16. Can a copy of your review be made available to the Committee?

 (Mr Brenton) I am afraid not; it contains sensitive material.

17. What kind of material, what sort of material does it contain?

 (Mr Brenton) It takes quite a broad look at the impacts of sanctions on other regimes in the world, on British interests; and we have, as I say, summarised its main conclusions for you in the memorandum from the Foreign Secretary.

18. Are you going to publish the review; presumably not?

 (Mr Brenton) No.

19. What role did the Department of International Development, Tony Faint, have in this process, and what did you contribute to the review?

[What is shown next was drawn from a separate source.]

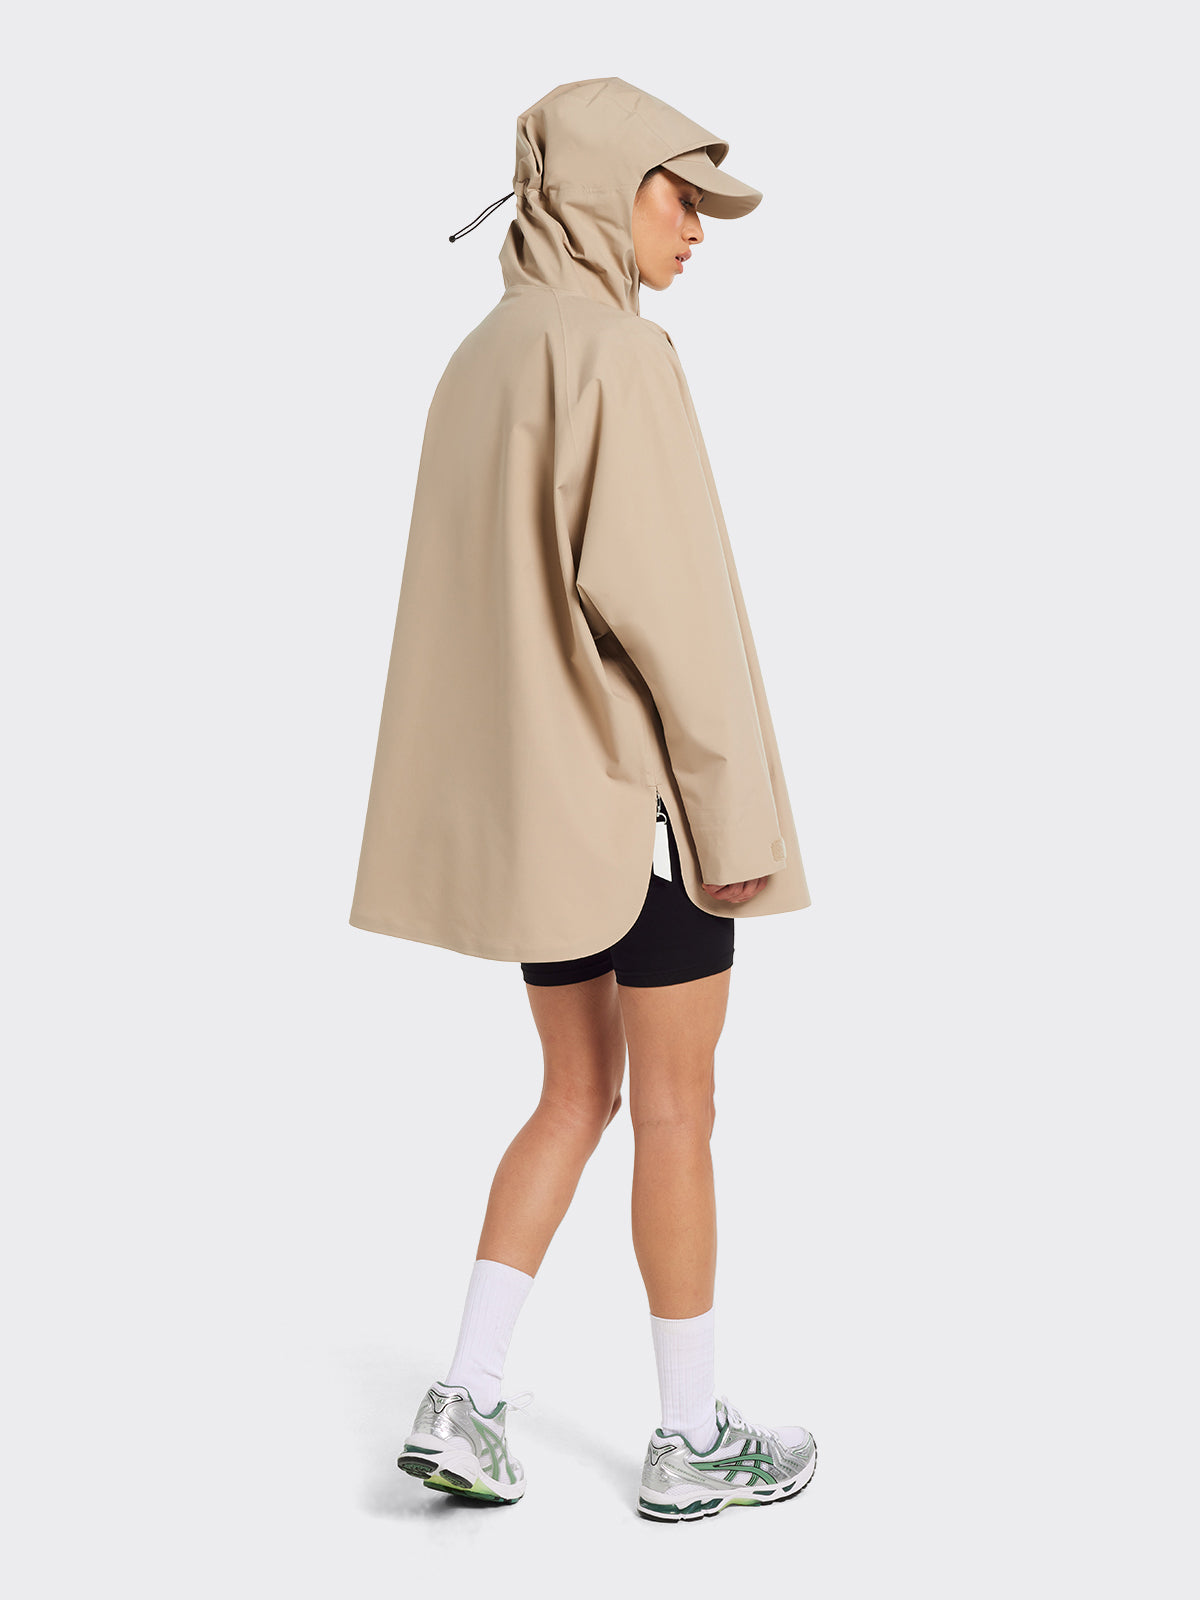 Woman dressed in Voss poncho by Blæst in Beige

 (Mr Faint) DFID was fully involved in the review, along with the other Departments that Tony Brenton mentioned. The standpoint from which we took part in the review was to draw attention to and bring forward the analysis that we have done on the humanitarian effects of sanctions and the various approaches which might be possible to reduce their impact on poor and vulnerable groups; and I think that you can see, from the results of the review, that all those points were taken very seriously. So I think we were very happy with our participation in the review, and we are very much behind the outcome that Tony Brenton described, in terms of favouring more specific, targeted regimes, clear objectives, exit strategies; all these things go very much in the direction of the kind of way we would like to go.